Find the area it encloses.
r = 5cos(θ)
What are the limits of theta? How do you deal with negative r from theta = 90 to 270 degrees?
Isn't that just a circle with diameter from (0,0) to (5,0) ?
area would be π(5/2)^2 = 25π/4
We know from converting from polar to rectangular ...
r √(x^2 + y^2) , x = rcosØ , and y = rsinØ
so
rcosØ = x
cosØ = x/r
5cosØ = 5x/r
and
√(x^2 + y^2) = 5x/(√(x^2 + y^2))
cross-multiply
x^2 + y^2 = 5x
which is a circle as described in previous reply.
To find the area enclosed by the curve defined by the equation r = 5cos(θ), you can use the formula for finding the area of a polar curve.
The general formula for finding the area enclosed by a polar curve is given by:
A = (1/2)∫[a, b] (r(θ))^2 dθ
Where r(θ) is the polar function and a, b are the angles of rotation that enclose the desired region.

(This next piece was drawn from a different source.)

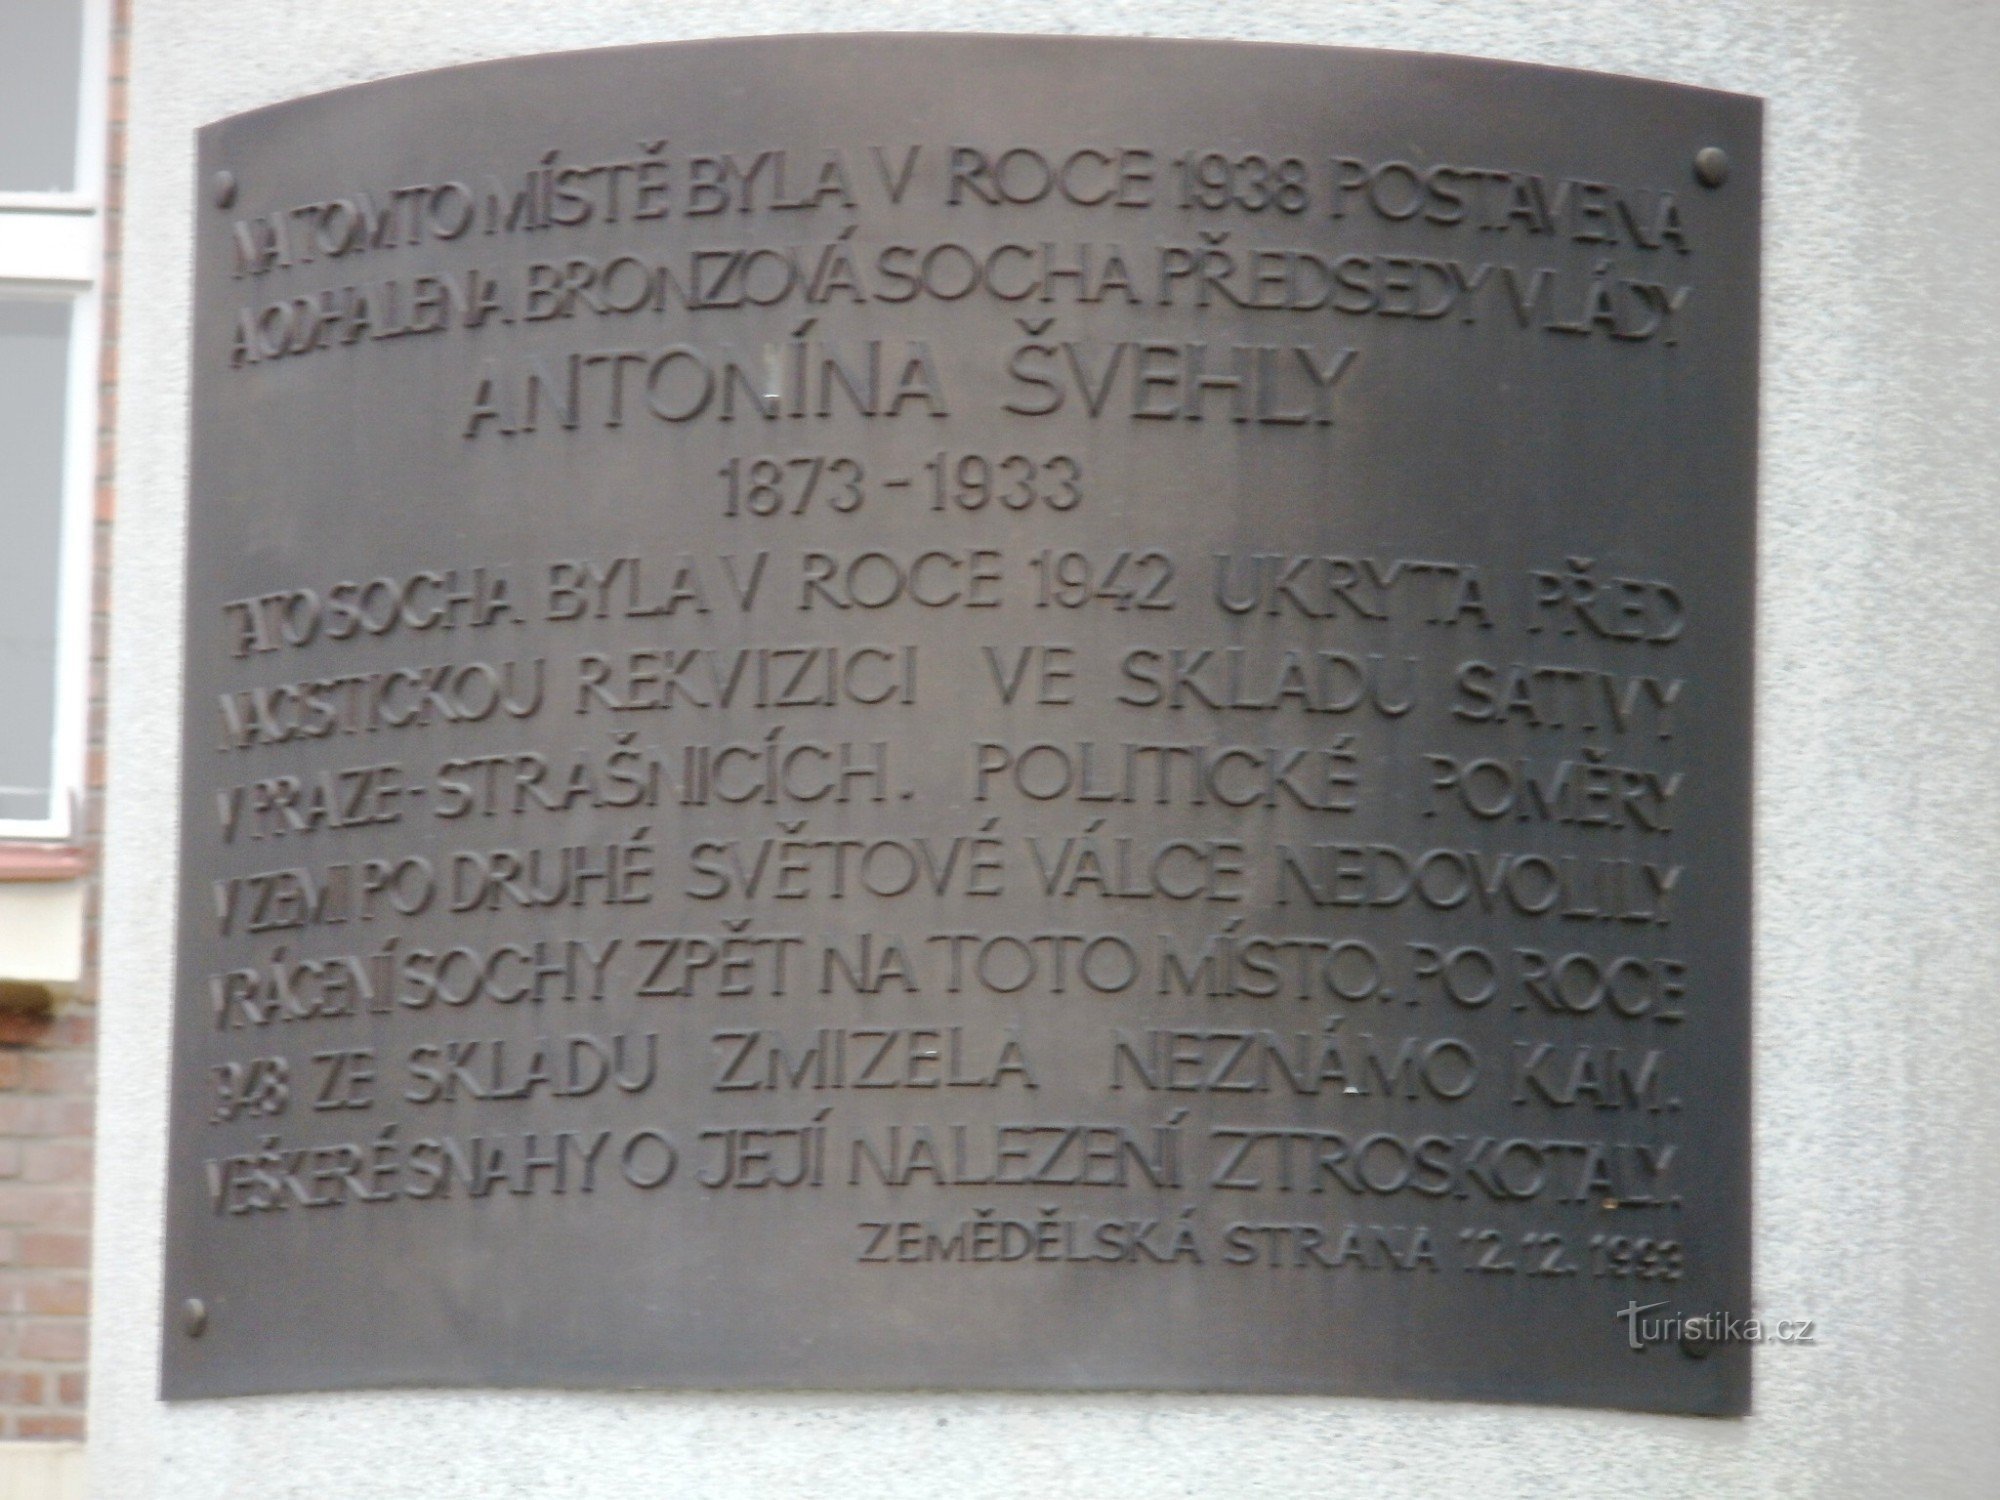 Havlíčkův Brod - monument to Antonín Švehla

For the given equation r = 5cos(θ), we need to determine the angle values that enclose the desired region. To do this, we find the points of intersection of the curve with itself.
To find the points of intersection, we set the equation equal to itself and solve for θ:
5cos(θ) = 5cos(θ)
This equation is true for any value of θ. Therefore, the curve intersects itself at all angles.
Since the curve intersects itself at all angles, the desired region is the entire curve.
Now we can calculate the area using the formula:
A = (1/2)∫[0, 2π] (5cos(θ))^2 dθ
Simplifying the equation:
A = (1/2)∫[0, 2π] 25cos^2(θ) dθ
Applying the half-angle identity for cosine:
A = (1/2)∫[0, 2π] 25(1 + cos(2θ))/2 dθ
Simplifying further:
A = (25/4)∫[0, 2π] (1 + cos(2θ)) dθ
The integral of (1 + cos(2θ)) with respect to θ is:
A = (25/4) [θ + (1/2)sin(2θ)] |[0, 2π]
Evaluating the integral at the limits:
A = (25/4) [(2π + (1/2)sin(4π)) - (0 + (1/2)sin(0))]
Simplifying:
A = (25/4) [2π + 0 - 0 - 0]
A = (25/4) * 2π
A = (25/2)π
Therefore, the area enclosed by the curve r = 5cos(θ) is (25/2)π square units.